Just wondering if anyone has hit the Red yet. Water is a lot lower already than this time last year. Does the water have to warm up a bit before the cats start biting? I guess I don't really care what's biting. I'm itching to get out. :beer:


----------



## schultz345 (Jan 8, 2007)

ya ive been out twice. little to early for the fish yet i think


----------



## Scott Schuchard (Nov 23, 2002)

Went out yesterday for a few hrs and got one 3lb cat, the water still has to warm up before they really start hittin


----------



## Johnny (Oct 12, 2005)

I was out last Saturday and Sunday at three different locations in Fargo/Moorhead with no catches, not even a single. I havent checked the weather reports but im hoping it warms up this weekend some more.

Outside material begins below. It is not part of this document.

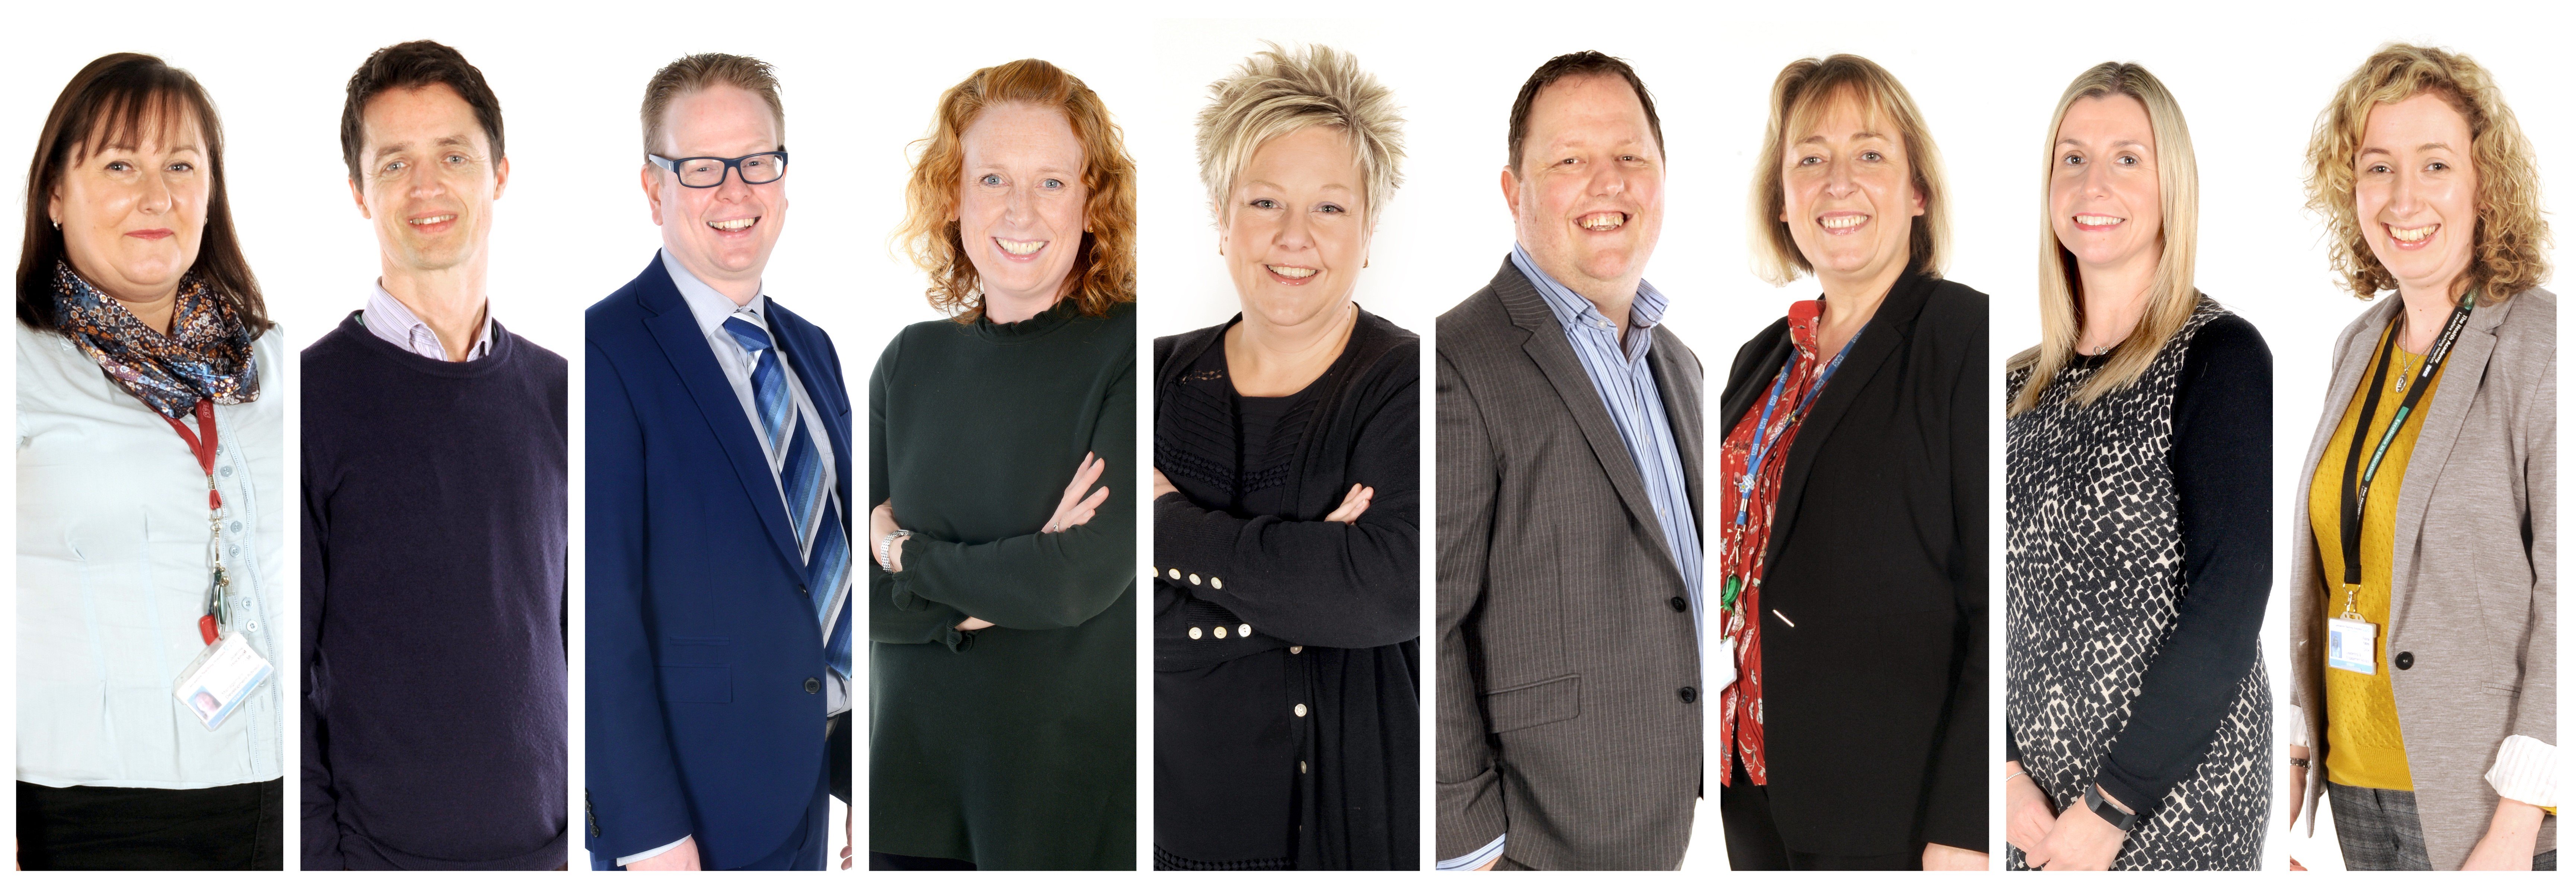 Innovative organisational development team and the 'rising stars’ initiative featured image

Maybe it will be better then.


----------



## Southwest Fisher (May 14, 2004)

This last week has been alright, the little guys are biting right now, but nothing over 2lbs; however, I can't get any junk fish like shiners to bite so I can use them for cutbait, so I can't really try for any big guys.


----------



## schultz345 (Jan 8, 2007)

all this rain may have delayed me from heading out again for awhile. im waiting for the warm up to catch some goldeyes to use for bait, until then i wont be going. i dont like fishing for little ones, i like em 10+


----------



## Southwest Fisher (May 14, 2004)

No real change tonight, nothing for cut bait, although I saw one guy get a 3+ lb cat using smelt (never heard of that one before). Otherwise just a bunch of little guys. But I'll keep plugging away until I get something for the frying pan!


----------



## Starky (Mar 15, 2006)

The fish have to eat even when the water's high. The big females are in the protected areas laying they're eggs and may not be biting. Try the eddys and deep holes if you can get to them.


----------